A consumer sued Bass & Moglowsky, S.C. (“Defendant”) alleging that the company violated the Fair Debt Collection Practices Act, 15 U.S.C. § 1692, et seq. (“FDCPA”), by serving a specific form of debt collection notice simultaneously with the service of state court lawsuits. Defendant denies that it violated the FDCPA. This case is titled Shoemaker v. Bass & Moglowsky, S.C., 3:19-cv-00316-wmc (W.D. Wisc.)

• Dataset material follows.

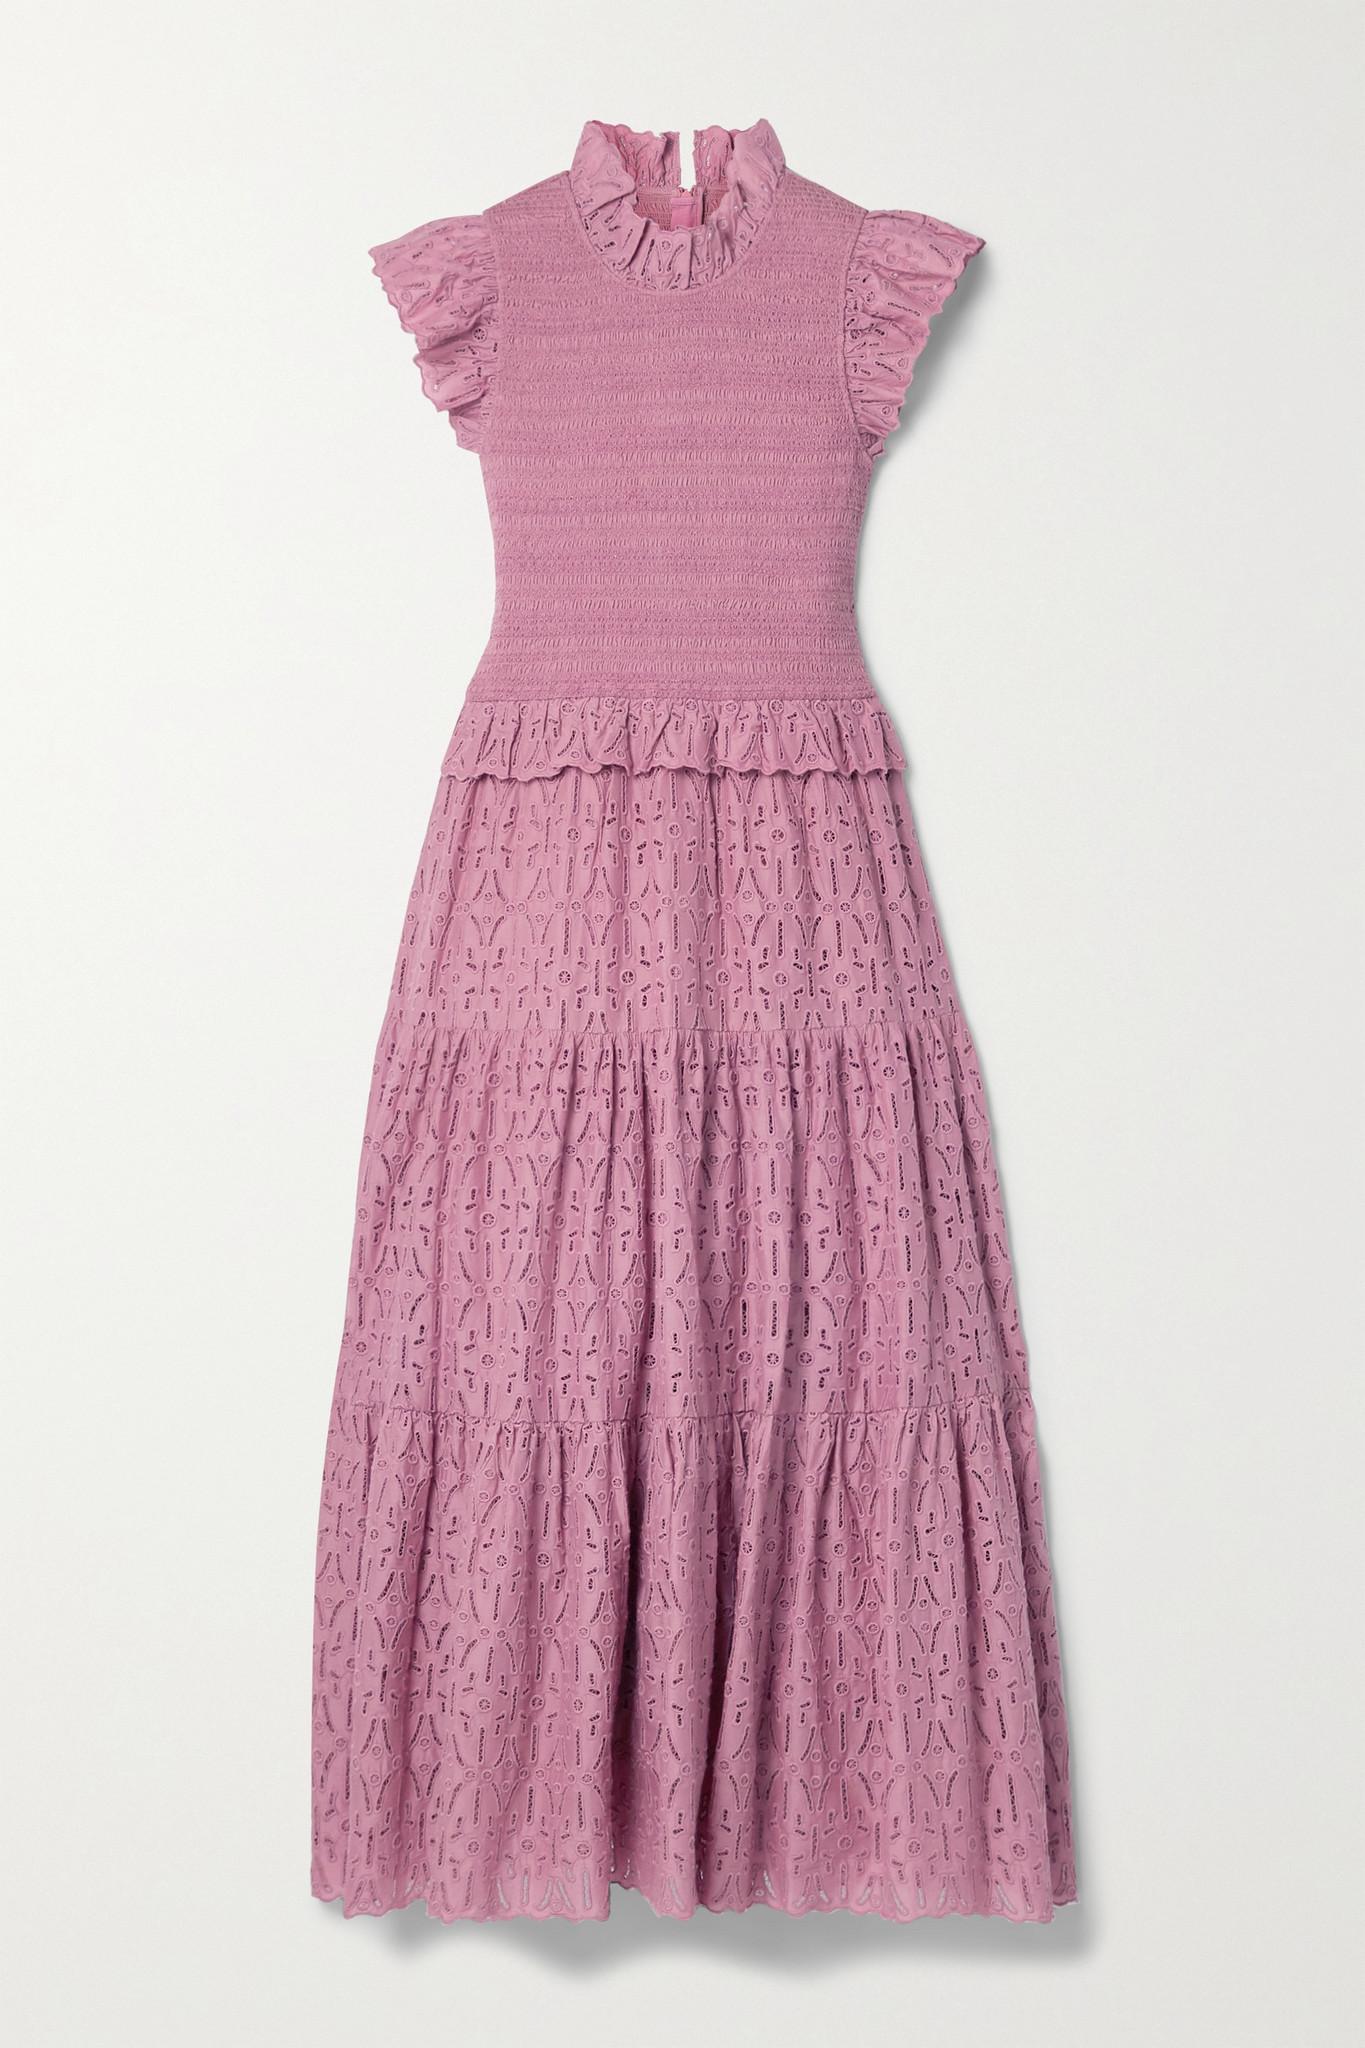 SEA - Ingrid 皱褶装饰荷叶边马德拉刺绣纯棉府绸连衣裙 - 粉红色 - US6

Defendant will create a fund of $7,160, which, after deducing costs for notice and administration of the settlement, will be distributed on an equal basis to each to those class members who do not timely exclude themselves from the settlement. Defendant will separately pay: (1) $1,000 to the Class Representative and (2) reasonable attorneys’ fees, costs, and expenses to counsel for the Class Representative not to exceed $26,340, subject to the Court’s approval. Defendant has also agreed to stop using the “Fair Debt Collection Practices Act Disclosure” in conjunction with its service of lawsuits on consumers.  

If you are a person in the state of Wisconsin on whom, between April 22, 2018 and April 22, 2019, Defendant served a “Fair Debt Collection Practices Act Disclosure” as part of a lawsuit it filed against such person in connection with the collection of a consumer debt, you may be entitled to compensation from the settlement.